While the final 25-plus minutes were a slog offensively for Notre Dame on Sunday, the first third of the game was anything but. Despite sitting after taking a ball to the face early, Colson scored 12 points over a seven-minute span to push the Irish advantage to 27-20 with 6:46 left in the first half, forcing a Yellow Jacket timeout.

But after that play, Georgia Tech tightened the screws defensively, surrendering just seven points until halftime, and just 25 over the game’s next 23 minutes.

That’s when Farrell’s desperation bucket hit, and the rest of the way, Georgia Tech never had the ball with a chance to tie or take the lead. It may have been different, though, if Colson hadn’t capped another double-double performance with a key block on the Yellow Jackets’ penultimate possession. Instead of sending an Irish player to the line up two with 12 seconds left, Farrell walked to the stripe with just 3.4 seconds left, significantly decreasing the chance of a completed comeback.

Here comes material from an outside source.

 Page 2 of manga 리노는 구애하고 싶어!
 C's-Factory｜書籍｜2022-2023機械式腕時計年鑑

While fans might focus on the offensive side of Colson’s 20-point, 11-rebound effort, Brey praised his junior forward’s defensive play after the win, noting the improvement over his career.

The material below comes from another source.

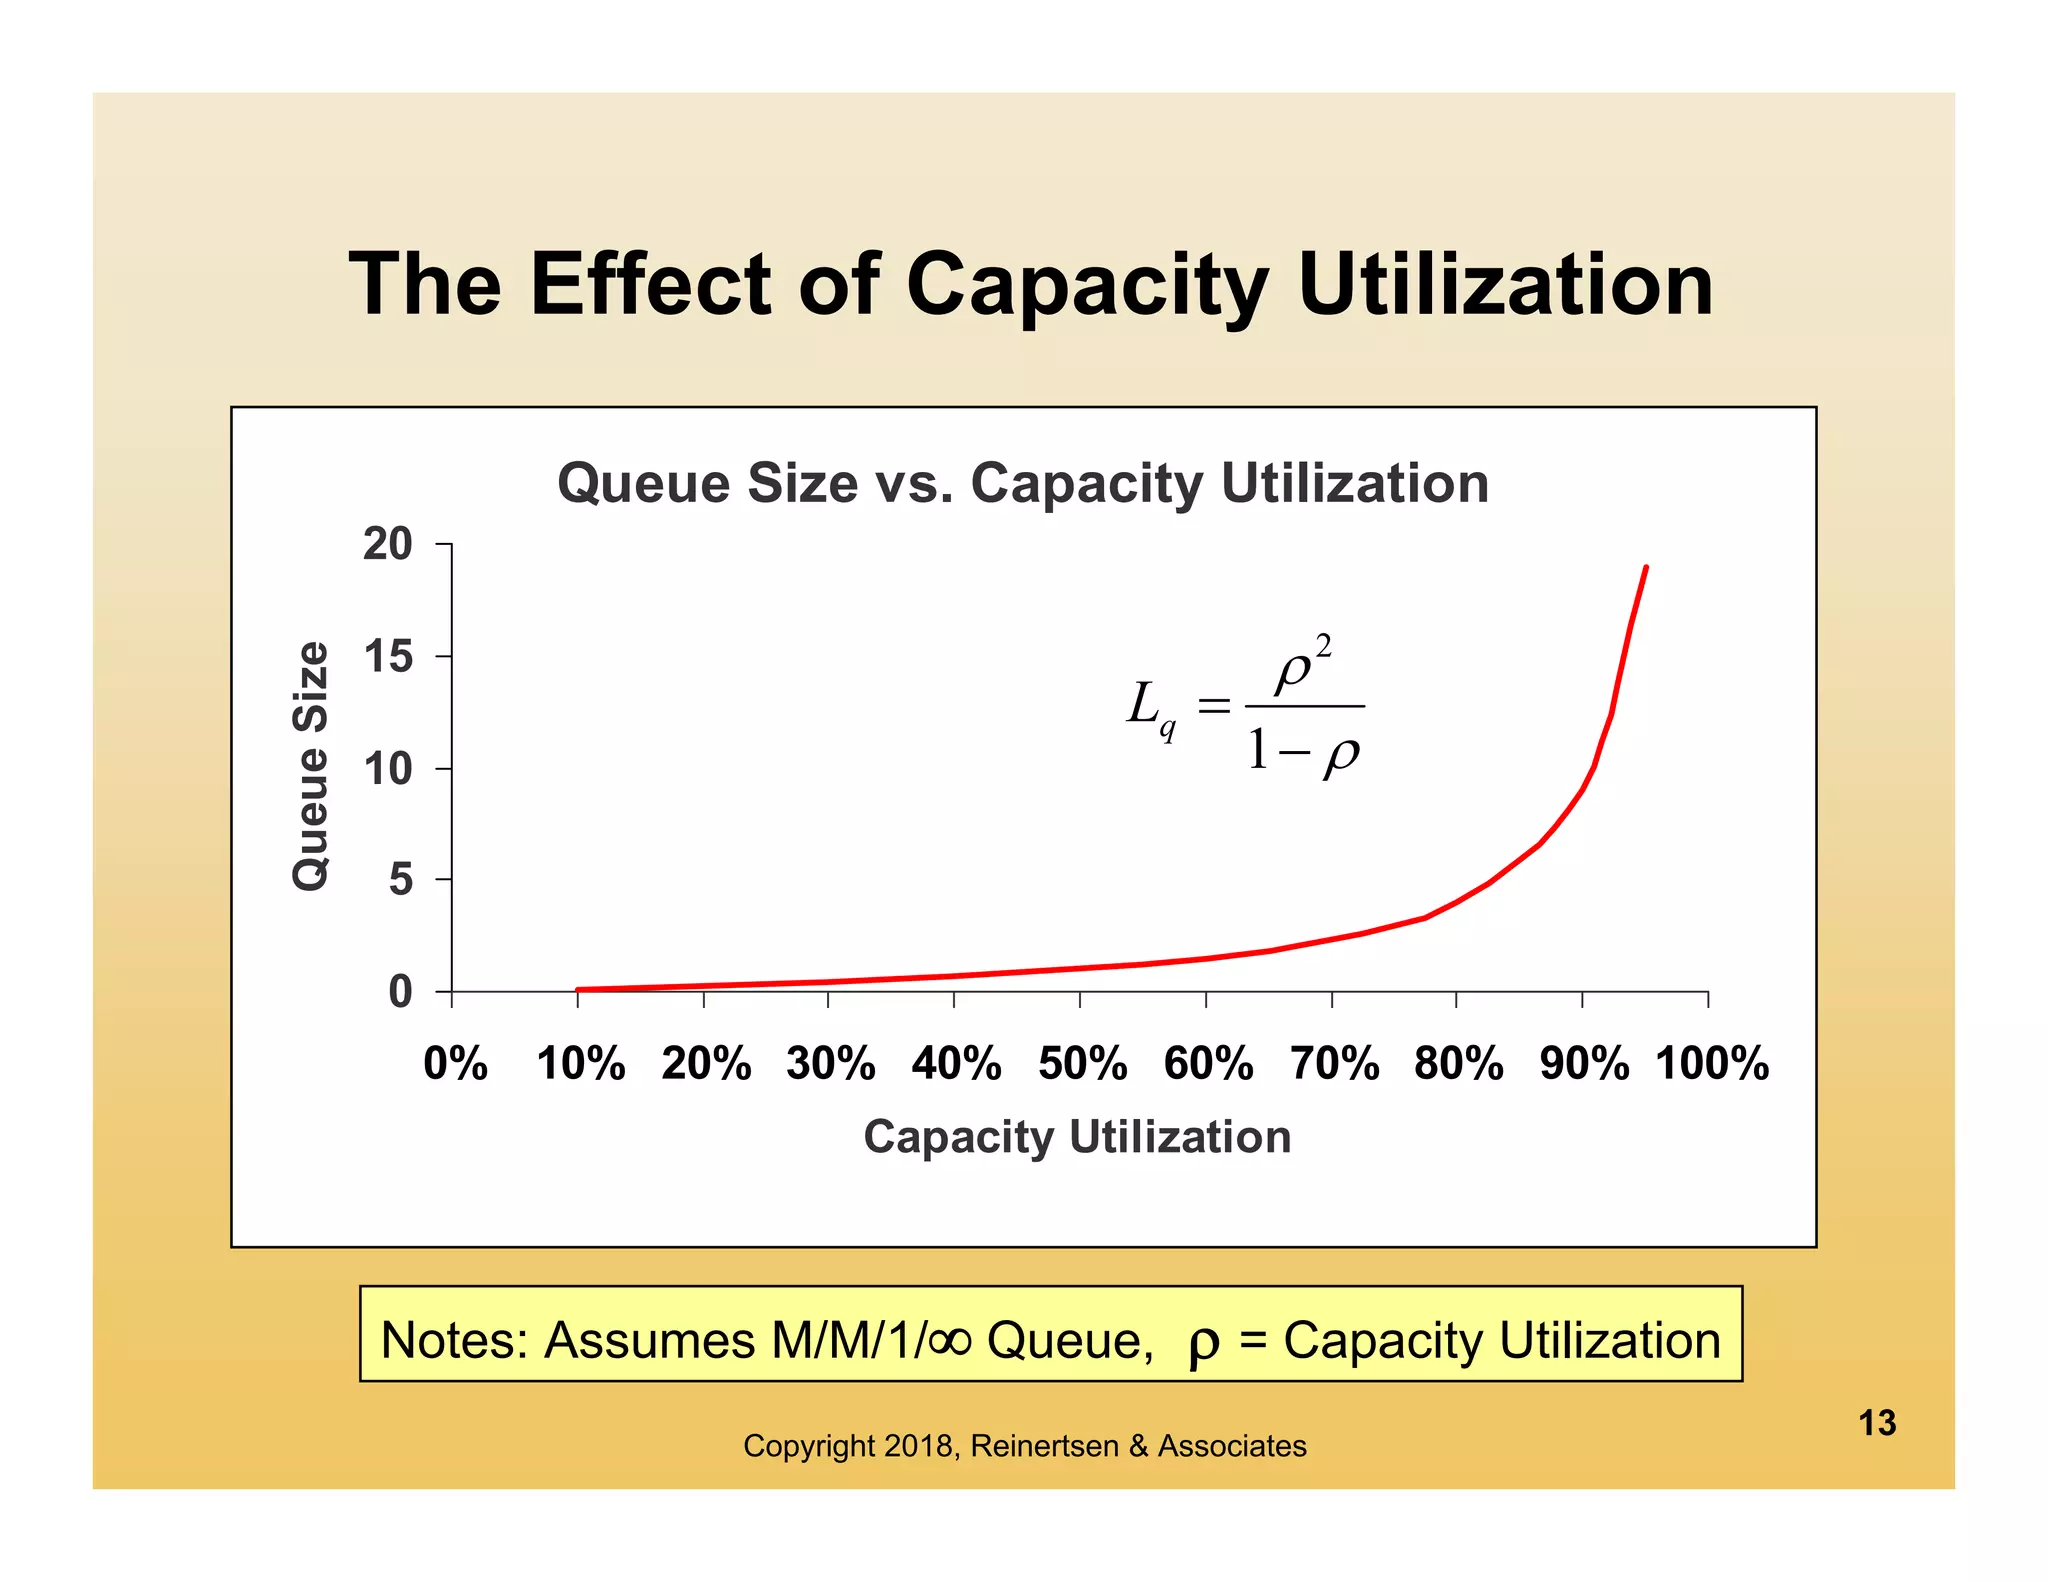 Queue size vs. capacity utilization in the M/M/1/inf queue

“Where he’s really improved is defensively; he’s come so far as a defender since he got here as far as helping his teammates,” Brey said. “ … He talks on defense, he knows what he’s talking about. He can make an impact on both ends and he did tonight.”

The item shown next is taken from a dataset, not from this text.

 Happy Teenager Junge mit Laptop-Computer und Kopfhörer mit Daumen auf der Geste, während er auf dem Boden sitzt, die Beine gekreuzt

Colson, who’s been a double-double machine with 17 this season, said he focuses on sticking to what he does night-in, night-out.

“[I] just continue to play my game,” Colson said. “Every time that ball goes up, I try to crash the glass to get every rebound there is possible. But on the offensive end, just play with confidence and my teammates give me confidence.”

The Yellow Jackets were able to keep Notre Dame at bay, in part, due to their deep repertoire of defensive schemes; a combination that included a 2-2-1 press, a 1-3-1 half-court and traditional man-to-man looks made things tough on the Irish.

“That’s a really good defensive team; they make a lot of people struggle,” Farrell said. “They change defenses constantly; they’re long, they’re athletic.”

Sunday’s victory moves Notre Dame another step closer to a double bye and top-four seed in next week’s ACC tournament. If the Irish win out, the No. 2 seed is likely, while it’s very possible for Notre Dame to finish in the top four even with a 1-1 finish.

The Irish will return to action Wednesday against Boston College for Senior Night, with the Irish set to honor guard Steve Vasturia, forward V.J. Beachem and graduate student forward Patrick Mazza. Tipoff is scheduled for 8 p.m.